■ ABOUT THIS TASK:
Would you output the entries below only from the line containing "Affiche La Vraie" through the line containing "World Of Warcraft Multiscreen Wallpaper", exactly as they stand and with both ends included?

■ DATA:
■ ■ ■ ■

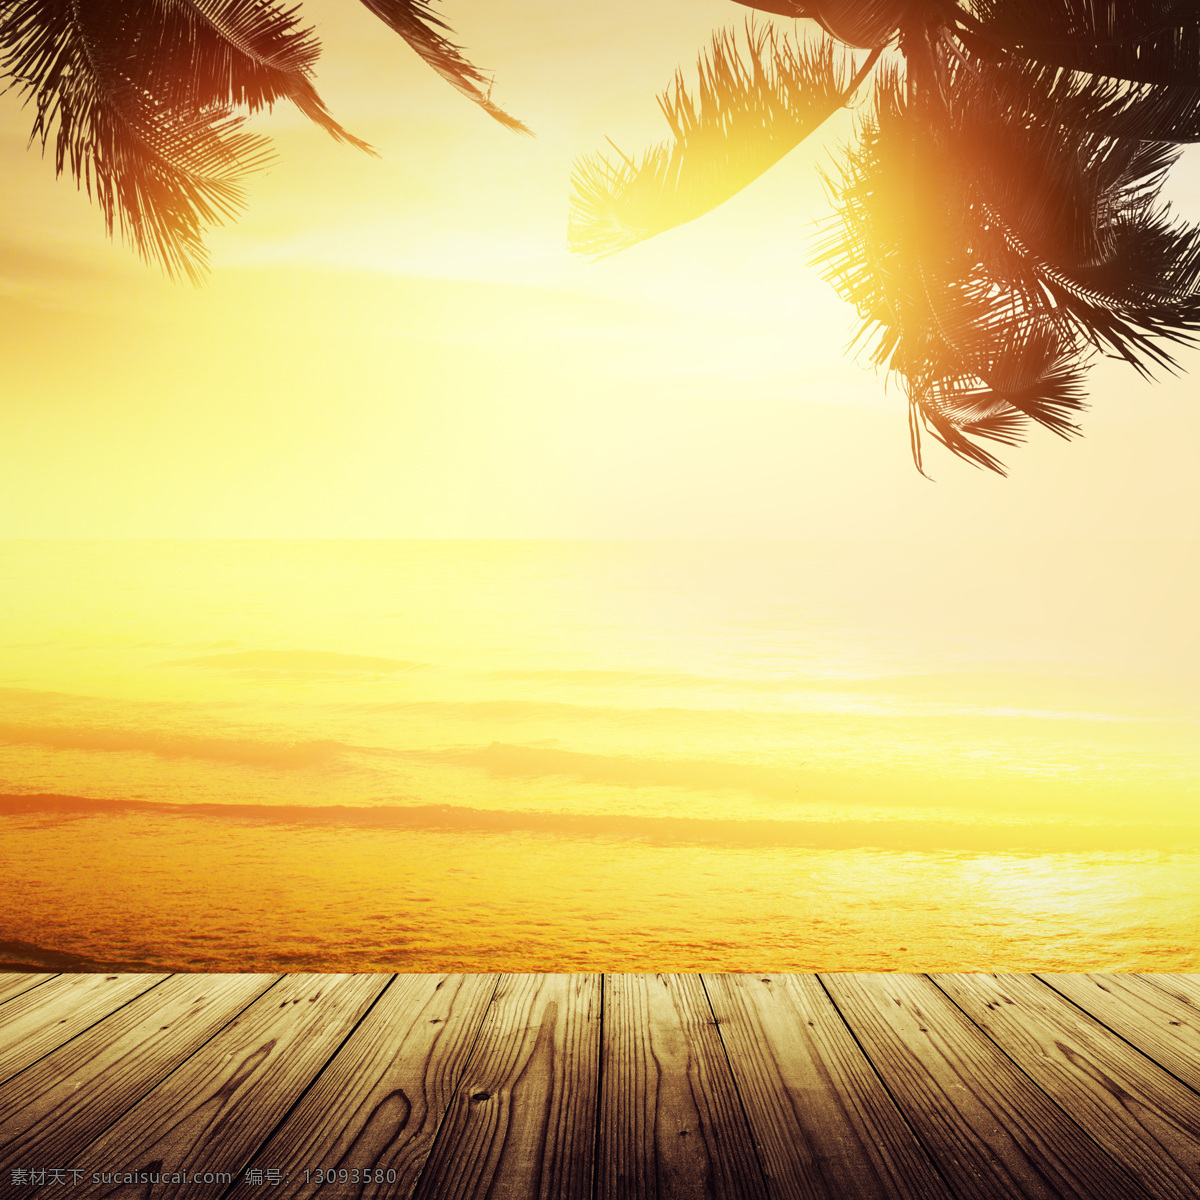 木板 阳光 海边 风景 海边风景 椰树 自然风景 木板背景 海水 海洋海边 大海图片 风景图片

■ ■ ■ ■

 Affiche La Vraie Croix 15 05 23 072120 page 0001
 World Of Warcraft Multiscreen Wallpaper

■ ■ ■ ■

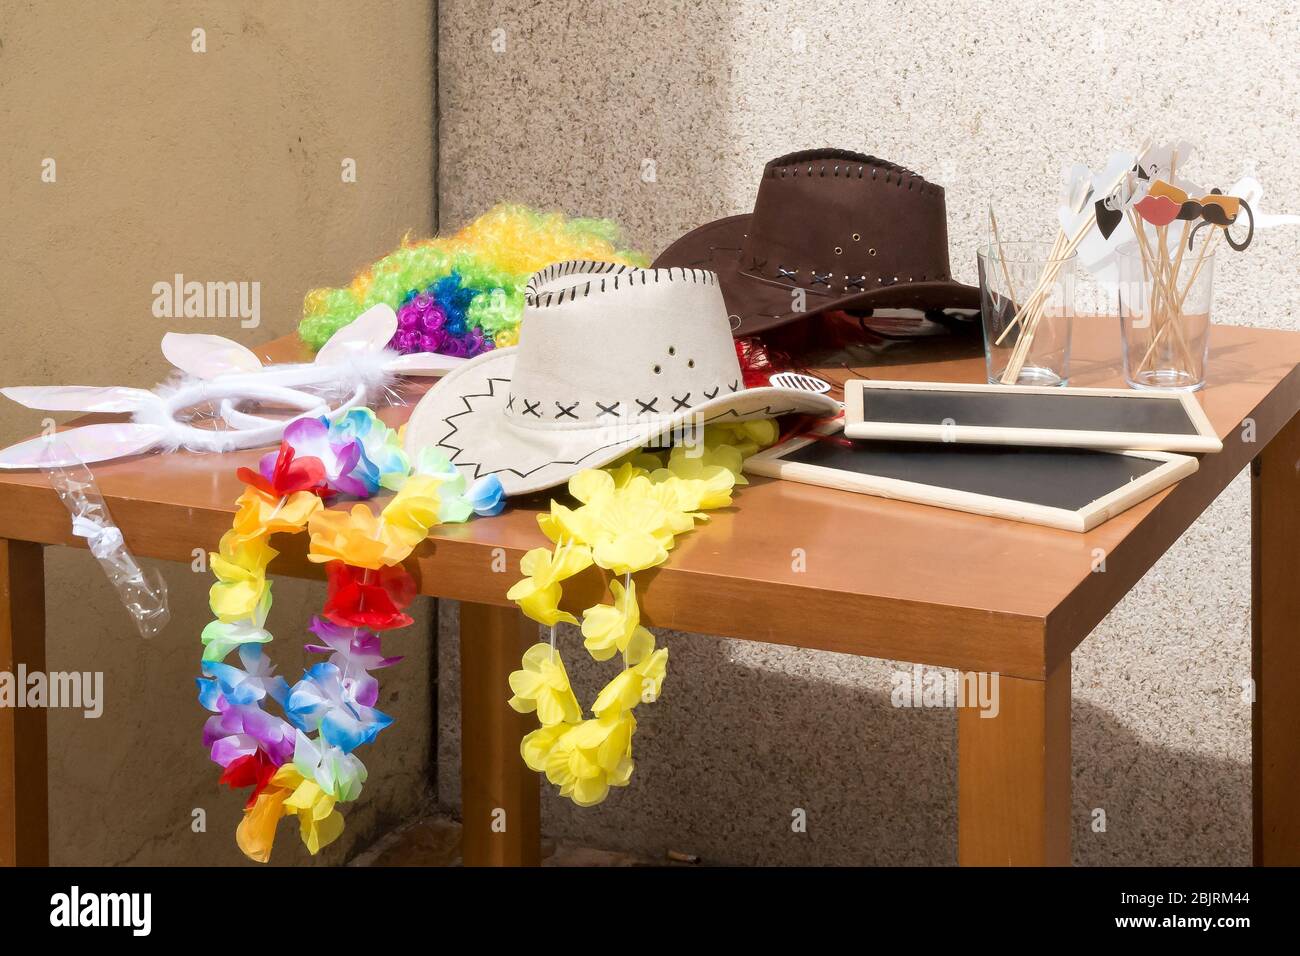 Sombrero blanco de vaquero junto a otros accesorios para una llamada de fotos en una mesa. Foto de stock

■ ■ ■ ■

■ RESULT OF THIS EXERCISE:
 Affiche La Vraie Croix 15 05 23 072120 page 0001
 World Of Warcraft Multiscreen Wallpaper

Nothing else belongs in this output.